SYRIA STRIKE SHELVED
U.S.-RUSSIAN DEAL AVERTS MILITARY ACTION
GENEVA — A diplomatic breakthrough Saturday on securing and destroying Syria’s chemical weapons stockpile averted the threat of U.S. military action for the moment and could swing momentum toward ending a horrific civil war.
Marathon negotiations between U.S. and Russian diplomats at a Geneva hotel produced a sweeping agreement that will require one of the most ambitious armscontrol efforts in history.
The deal involves making an inventory and seizing all components of Syria’s chemical weapons program and imposing penalties if President Bashar Assad’s government fails to comply will the terms.
After days of intense day-and-night negotiations between U.S. Secretary of State John Kerry and Russian Foreign Minister Sergey Lavrov and their teams, the two powers announced they had a framework for ridding the world of Syria’s chemicals weapons.
The U.S. says Assad used chemical weapons in an Aug. 21 attack on the outskirts of Damascus, killing more than 1,400 civilians. That prompted President Barack Obama to ready American airstrikes on his order — until he decided to ask for authorization from the U.S. Congress. Then came the Russian proposal, and Obama asked Congress to delay a vote.
Blasted by McCain
Republican Senators John McCain and Lindsey Graham, who are among Obama’s sharpest foreign policy critics, blasted the agreement as “an act of provocative weakness” by America that will embolden enemies such as Iran as it continues its push for a nuclear weapon.
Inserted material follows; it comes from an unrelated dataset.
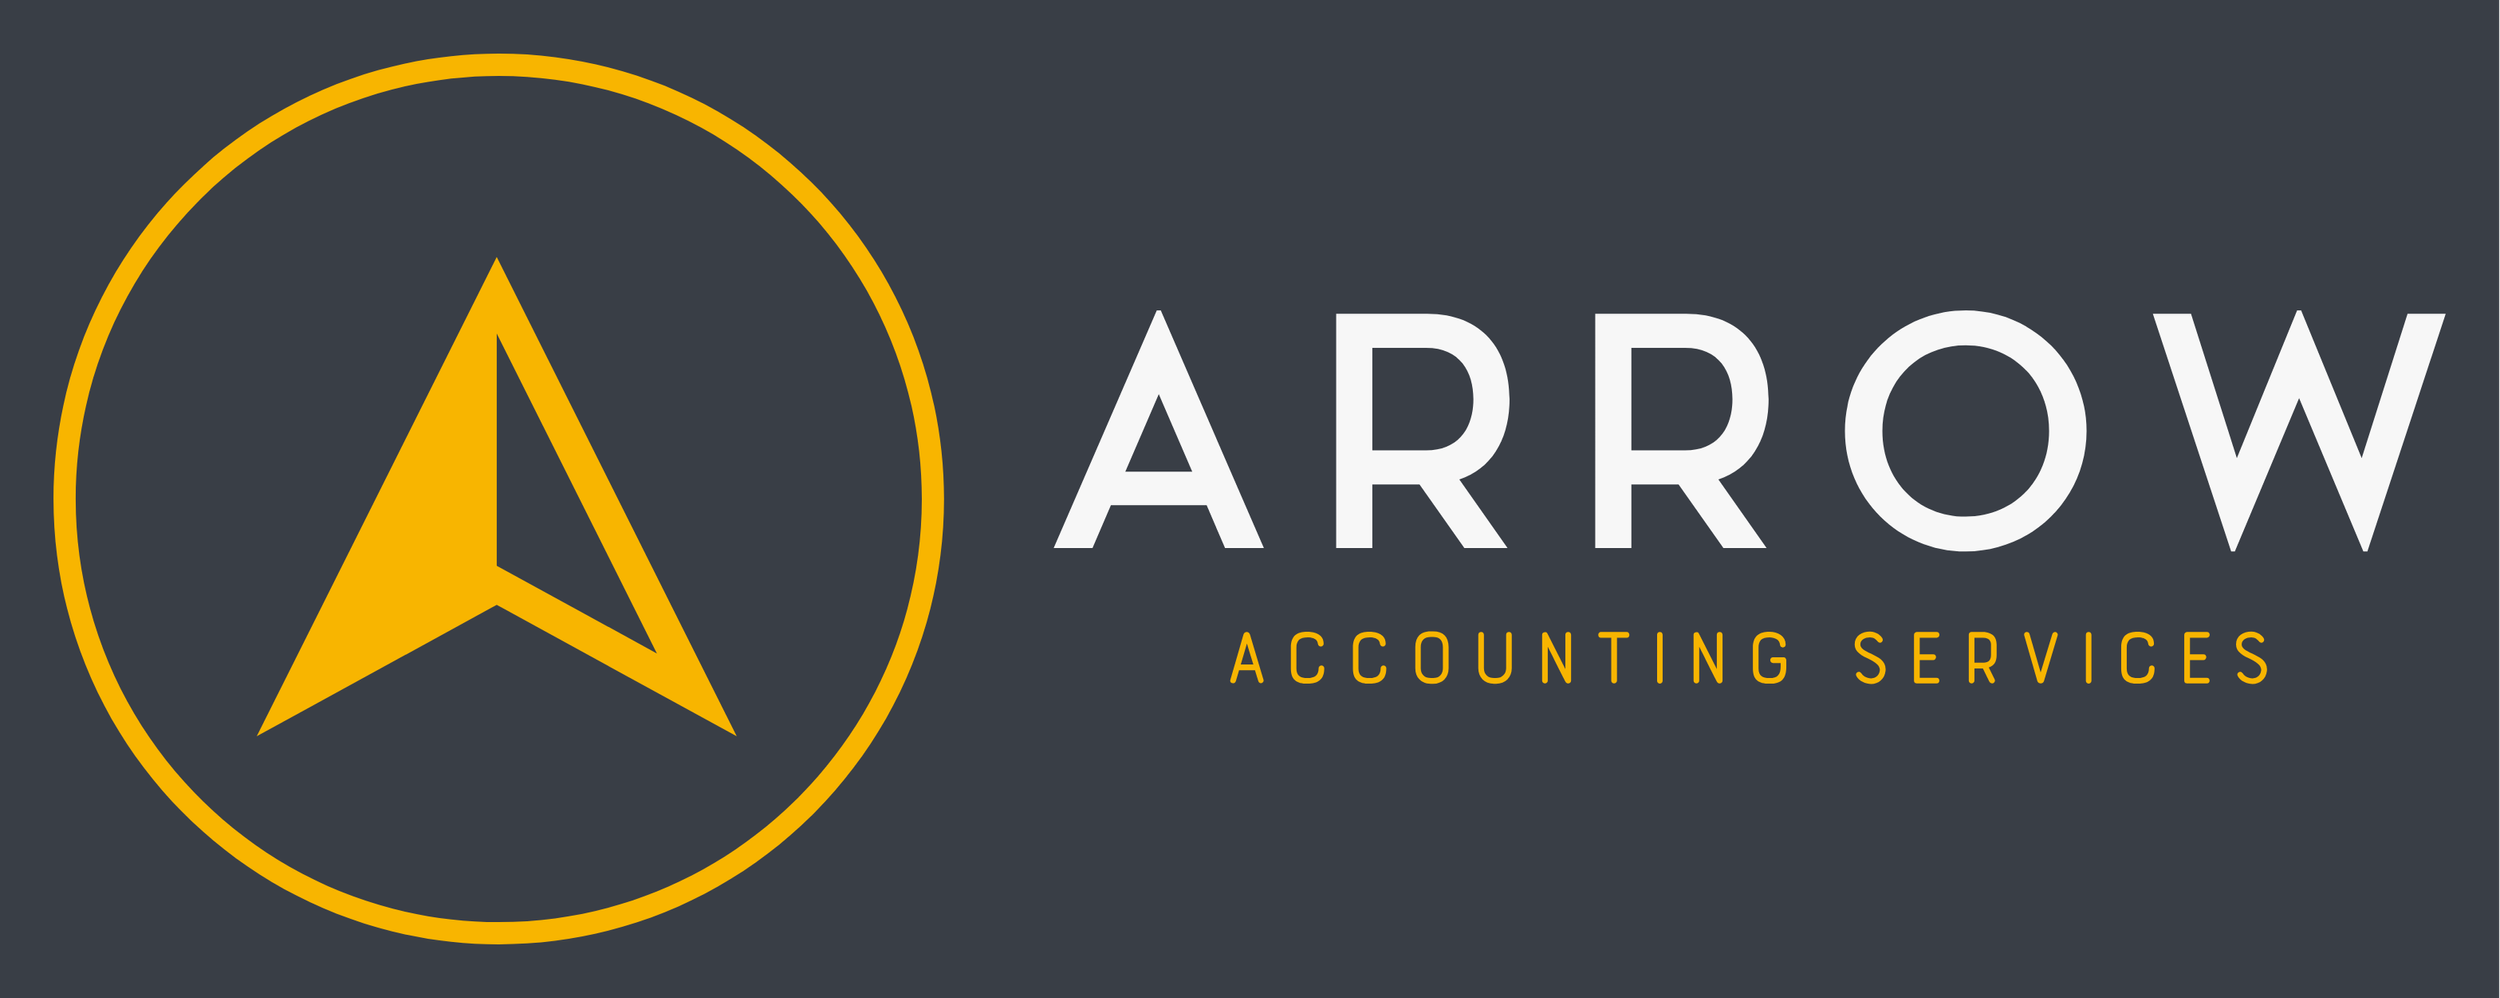 Arrow Accounting Services

“What concerns us most is that our friends and enemies will take the same lessons from this agreement: They see it as an act of provocative weakness on America’s part,” McCain and Graham said in a joint statement. “We cannot imagine a worse signal to send to Iran as it continues its push for a nuclear weapon.”
House Democratic leader Nancy Pelosi said the deal represented “significant progress” in efforts by the U.S. to prevent the use of weapons of mass destruction.
Obama: ‘An important step’
President Obama said the deal “represents an important, concrete step toward the goal of moving Syria’s chemical weapons under international control so that they may ultimately be destroyed.”
“This framework provides the opportunity for the elimination of Syrian chemical weapons in a transparent, expeditious and verifiable manner, which could end the threat these weapons pose not only to the Syrian people but to the region and the world,” he said in a statement.
Kerry and Lavrov said they agreed on the size of the chemical weapons inventory, and on a speedy timetable and measures for Assad to do away with the toxic agents.
But Syria, a Moscow ally, kept silent on the development, while Obama made clear that “if diplomacy fails, the United States remains prepared to act.”
1 week for Assad to comply
The deal offers the potential for reviving international peace talks to end a civil war that has claimed more than 100,000 lives and sent 2 million refugees fleeing for safety, and now threatens the stability of the entire Mideast.
Kerry and Lavrov, along with the U.N.-Arab League envoy to Syria, Lakhdar Brahimi, said the chances for a follow-up peace conference in Geneva to the one held in June 2012 would depend largely on the weapons deal.
The U.S. and Russia are giving Syria just one week, until Sept. 21, to submit “a comprehensive listing, including names, types and quantities of its chemical weapons agents, types of munitions, and location and form of storage, production, and research and development facilities.”
International inspectors are to be on the ground in Syria by November. During that month, they are to complete their initial assessment and all mixing and filling equipment for chemical weapons is to be destroyed. They must be given “immediate and unfettered” access to inspect all sites.